De acordo com o relatório, muitas vidas podem ser salvas mediante a redução das desigualdades no mundo. Se todos os países tivessem alcançado a taxa média de mortalidade dos países de elevado rendimento, 87% das mortes de crianças menores de cinco anos poderiam ter sido evitadas e quase 5 milhões de vidas poderiam ter sido salvas em 2016.
“Em 2017, é impensável que a gravidez e o parto continuem a colocar a vida das mulheres em risco e que 7.000 recém-nascidos continuem a morrer todos os dias”, afirma Tim Evans, Director Sénior da Saúde, Nutrição e População no Grupo do Banco Mundial. “A melhor forma de medir o sucesso da cobertura universal de saúde não consiste apenas na facilidade do acesso de todas as mães aos cuidados de saúde, mas também pela qualidade do atendimento e pelo baixo custo dos serviços, para que possam garantir uma vida saudável e produtiva aos seus filhos e à sua família. Estamos empenhados em aumentar o nosso financiamento para responder às necessidades dos países nesta área, nomeadamente através de projectos inovadores como o Mecanismo de Financiamento Mundial.”

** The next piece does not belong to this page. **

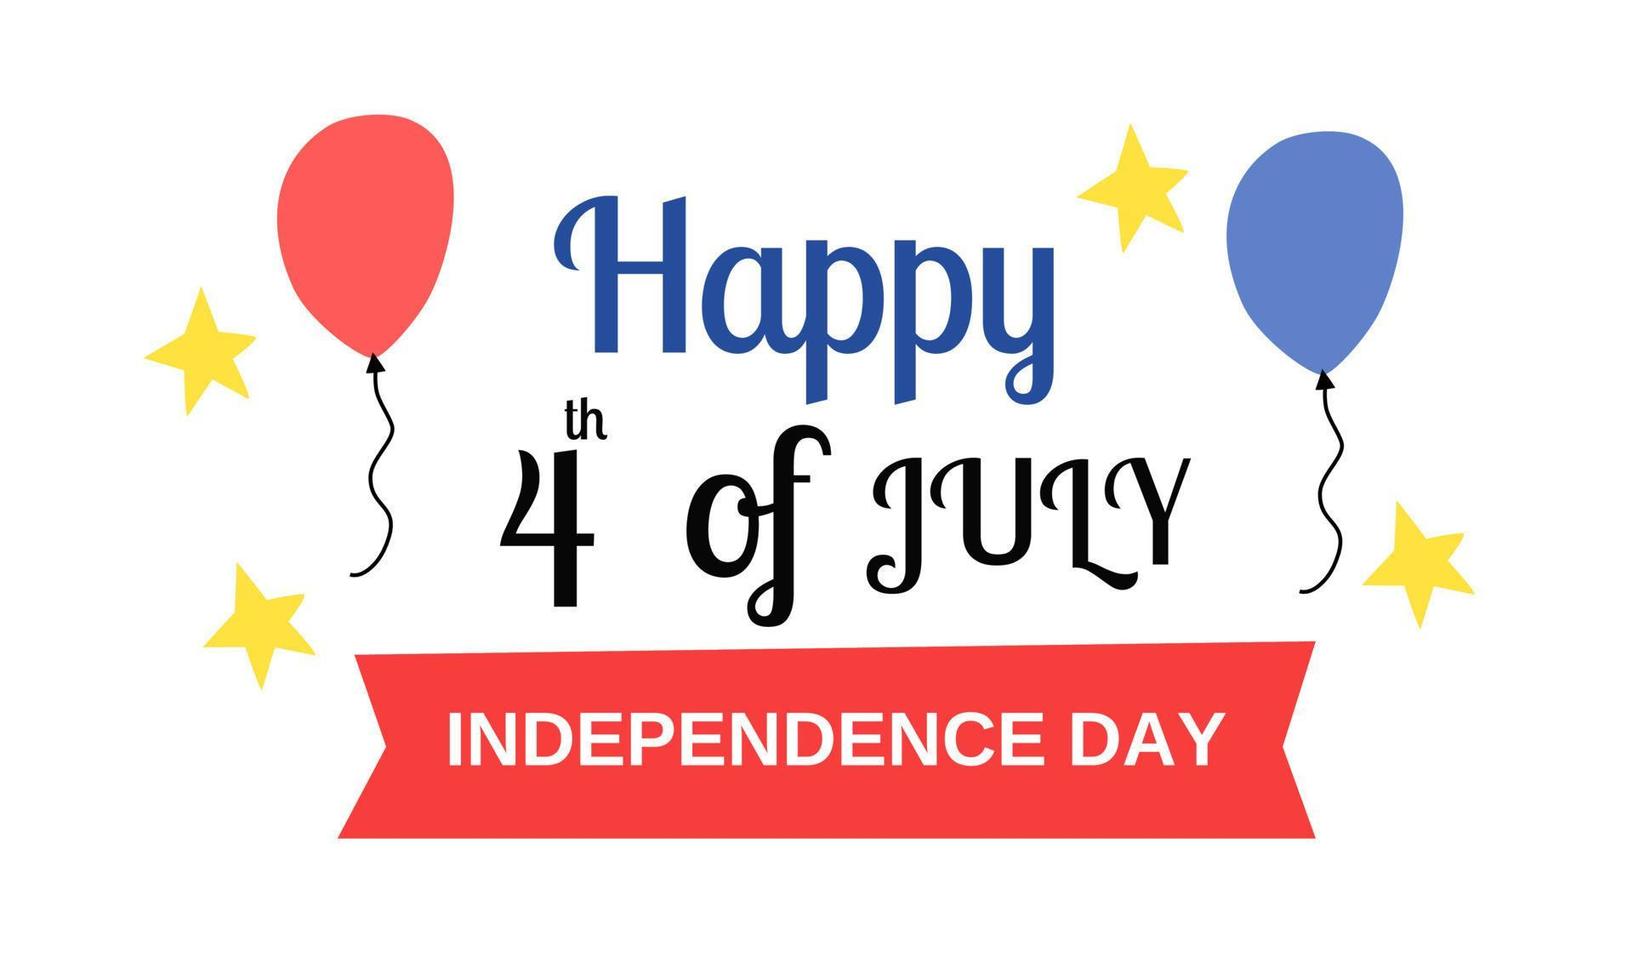 Independence Day background vector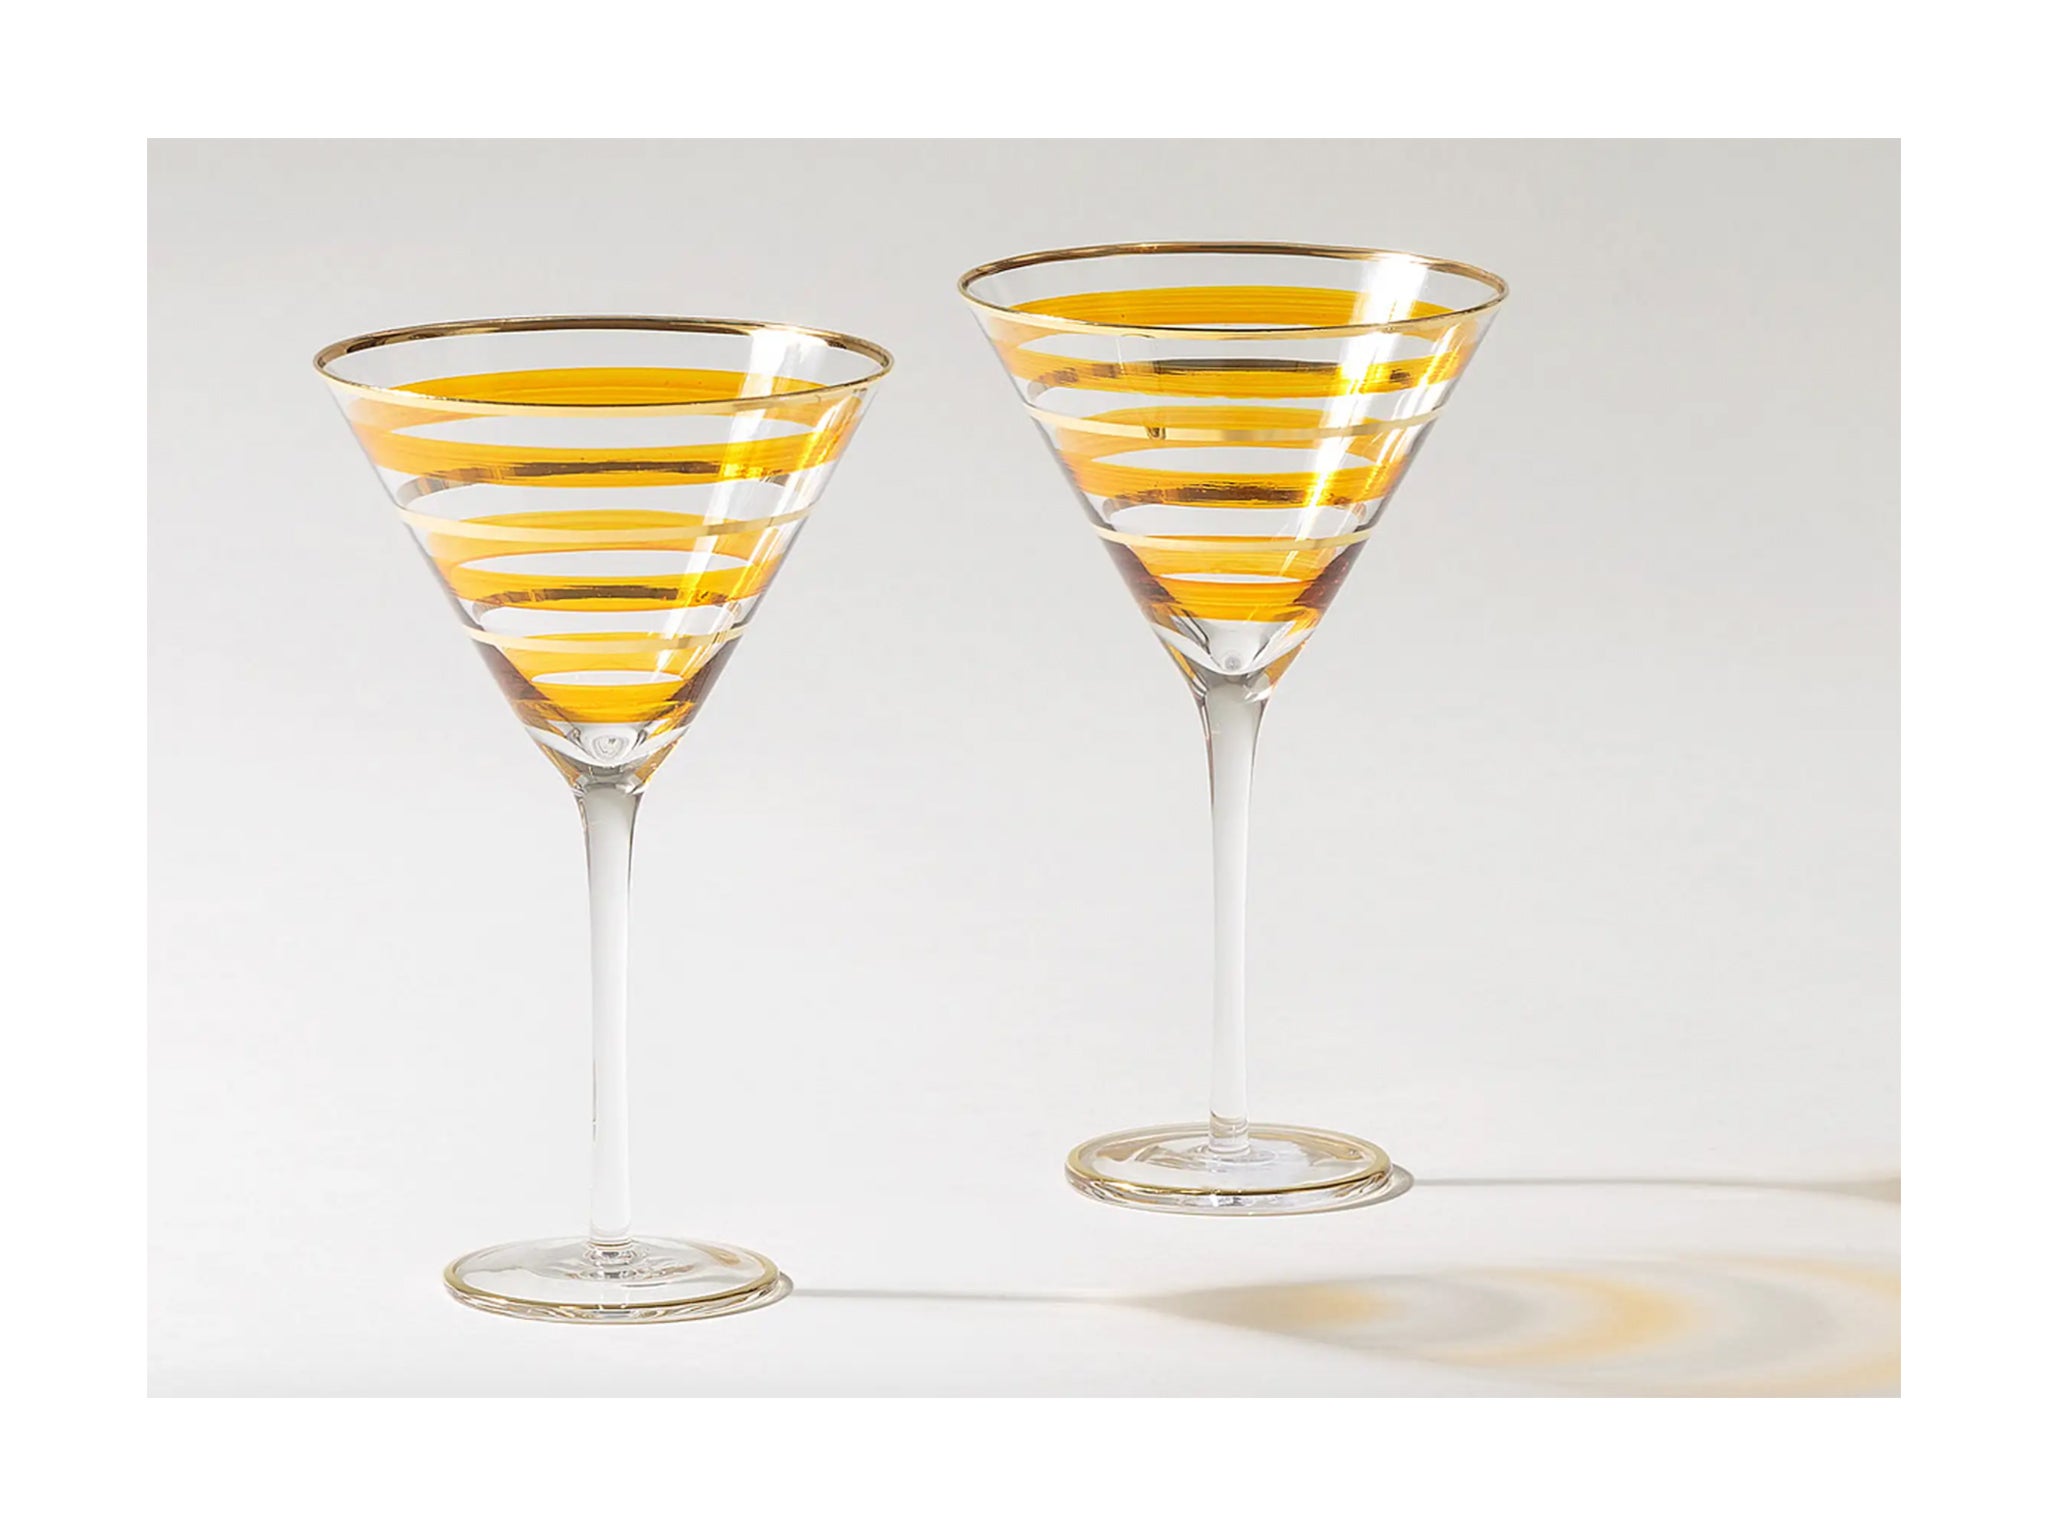 Sit back and relax with your new-found martini making skills with this stylish set of glassware

A pneumonia e a diarreia estão no topo da lista de doenças infecciosas que custaram a vida a milhões de crianças com menos de cinco anos em todo o mundo, tendo causado 16% e 8% dessas mortes, respectivamente. As complicações relacionadas com o parto prematuro e as complicações durante o trabalho de parto ou nascimento foram responsáveis por 30% das mortes neonatais em 2016. Além dos 5,6 milhões de mortes de crianças menores de cinco anos, registam-se ainda 2,6 milhões casos de nados-mortos por ano, a maioria dos quais evitável.
Podemos pôr fim às mortes infantis evitáveis mediante a melhoria do acesso a profissionais de saúde qualificados durante a gravidez e no momento do parto; e do acesso a intervenções que salvam vidas, como a vacinação, o aleitamento materno e medicamentos de baixo custo, bem como acesso a água e saneamento, que estão actualmente fora do alcance das comunidades mais pobres do mundo.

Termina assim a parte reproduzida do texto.